Varias veces dijimos que el español es una lengua viva, que respira y se transforma constantemente. En el viaje de hoy, me gustaría que nos detuviéramos a reflexionar sobre los cronolectos: esas palabras y expresiones que se relacionan con la edad de los hablantes.
Desde una perspectiva académica, podríamos mirar a la Real Academia Española (RAE) como el árbitro indiscutible de lo que es correcto o no. Sin embargo, en la vida misma, el lenguaje es eficaz en su significado social y comunicativo, y eso es lo que realmente importa. Cuando los jóvenes utilizan términos como “bardo” o expresiones como “estar detonado”, no están destruyendo el idioma, sino enriqueciendo su vocabulario y adaptándolo a su realidad. Lo que para algunos puede sonar como un dialecto extraño para otros es, en definitiva, pura vida.
Pero no todo es movimiento y novedad. En nuestra rica lengua también encontramos palabras que parecen haberse perdido en las sombras del tiempo, verdaderos “cadáveres” léxicos. El poeta Gil de Biedma lo dijo claro: “No consultes el diccionario, porque en el diccionario hay cadáveres”. Y cuántos de ellos, esos términos olvidados como “cuchipanda” y “enagua”, han quedado reducidos al polvo en las estanterías de la memoria. Palabras que, si bien fueron legítimas en su momento, hoy cargan un aroma a polilla que invita a la nostalgia.
“La cuestión de las palabras es como un río que nunca se detiene”.

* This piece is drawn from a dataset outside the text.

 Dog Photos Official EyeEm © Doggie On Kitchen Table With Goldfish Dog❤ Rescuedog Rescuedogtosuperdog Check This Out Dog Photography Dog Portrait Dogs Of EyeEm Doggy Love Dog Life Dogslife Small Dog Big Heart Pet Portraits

Tomemos, por ejemplo, la frase “Esta noche te llamo al fijo”. Aquí vemos cómo palabras conocidas adquieren un nuevo matiz en el marco de una realidad tecnológica cambiante. El “fijo”, que hace unos años era simplemente un teléfono de línea, hoy se siente como un objeto mítico, una reliquia, pues hoy el celular es el medio de comunicación más común y extendido. Sin embargo, en el juego de las interacciones sociales, esas palabras siguen cobrando vida, adaptadas a un contexto que a veces se siente distante.
La lengua es mucho más que una simple colección de palabras. Algunas de estas tienen rotas y resignificadas sus acepciones. Por ejemplo, un término como “desaparecido” no solo se refiere a algo o alguien que ya no está presente, sino que ha adquirido un peso histórico y político. En este sentido, el lenguaje también es un espejo de nuestro tiempo; una expresión palpable de la lucha social y de la pérdida.
La cuestión de las palabras es como un río que nunca se detiene; siempre fluye, siempre cambia. Por eso, nuestra tarea no es solo preservar, sino también disfrutar y celebrar esta diversidad lingüística. Es un juego de vida y muerte, de pasado y futuro, donde cada palabra que usamos, cada giro de la lengua, se convierte en un reflejo de nosotros mismos y de la sociedad que habitamos.
Así que la próxima vez que escuchemos a un joven usar una palabra “extraña”, recordemos que el idioma no es solo nuestro; es también de ellos, de las generaciones futuras que lo llenarán de nuevas sonoridades. Celebremos siempre la riqueza del español, en toda su gloria multiforme y colorida.